Lucky, it turned out that way.
WFI was owned by Stawbridge and Clothier.
WLIT by Lit Brothers.

Shared time arrangements varied. Early on, there were often more than two stations sharing a frequency. Each licensee would get a block of time, as infrequently as once a week. By the 30s and 40s, shared time station-pairs would most often alternate four hour blocks of time. If a network affiliation was involved, often both licensees would carry network programming (as well as local shows).

The WFI-WLIT time share was brief and the two stations merged in 1922.

In Chicago, NBC (later ABC) owned WENR and shared time with WLS, owned by Prairie Farmer magazine. Both stations were listed on the NBC Blue (later ABC) rate cards. WLS, when they had the frequency took some NBC/ABC programming and even fed its National Barn Dance to the Blue Network. WLS ran more local programming (much of it farm programming) and had a stronger brand image in Chicago and the Midwest. ABC brought out Prairie Farmer's interest in 1959, kept the WLS calls, dropped most of the farm shows, and flipped to Top 40 in 1959.

In Dallas and Fort-Worth, the Dallas Morning News' WFAA and the Fort Worth Star Telegram's WBAP both shared time on two frequencies: 570 (a regional allocation) and 840 (a clear channel frequency). 570 was an NBC Blue/ABC affiliate; 840 carried NBC (Red) programming. The two licensees shifted back and forth, alternating with each other on each frequency. That arrangement continued into the 60s (at least, maybe longer).

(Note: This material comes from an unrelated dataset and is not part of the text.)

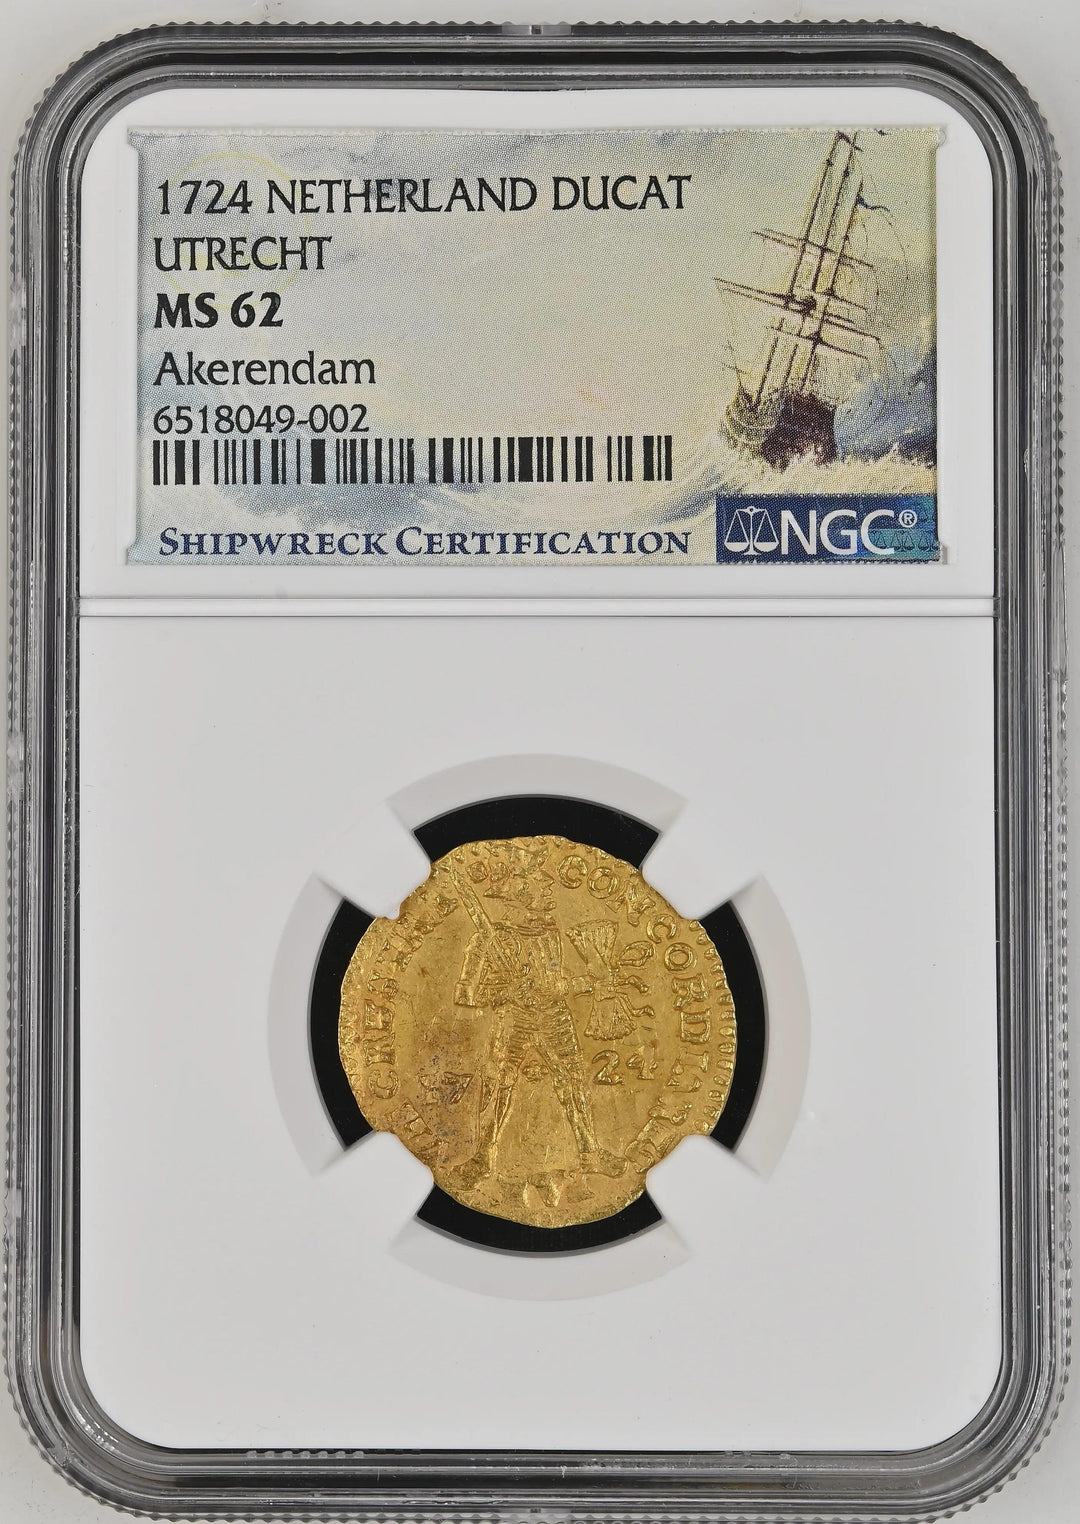 Netherlands Utrecht Gold Ducat - 1724 | Akerendam Shipwreck Maritime Treasure

All this sounds strange now, but in the 20s the only precedent available to set up radio broadcasting was two-way radio communication. Everybody used the same frequency and operators were supposed to share. It made sense then that individual licensees would also share broadcast frequencies. Nobody had thought of buying ad time yet. So a department store, or newspaper or radio manufacturer or church would get a license to go on a few times a week - even once a week - to promote their own product or organization. In the early years, frequencies still had to go silent for a few minutes each hour to listen for emergency or distress calls. In some towns, all broadcasters would all agree to go silent at times so listeners could DX. It was AT&T, which charged people to talk over its phone system, which came up with the idea of charging people to talk over the radio. Stations bought out others with which they shared a frequency and started charging clients for air time. And now you know..... the rest of the story.
 
WPBS (the Philadelphia Bulletin Station...now WUSL) was originally on 107.7. It did a frequency swap with ca$h for 98.9, WSNJ Bridgeton. See, the WPST move is nothing new.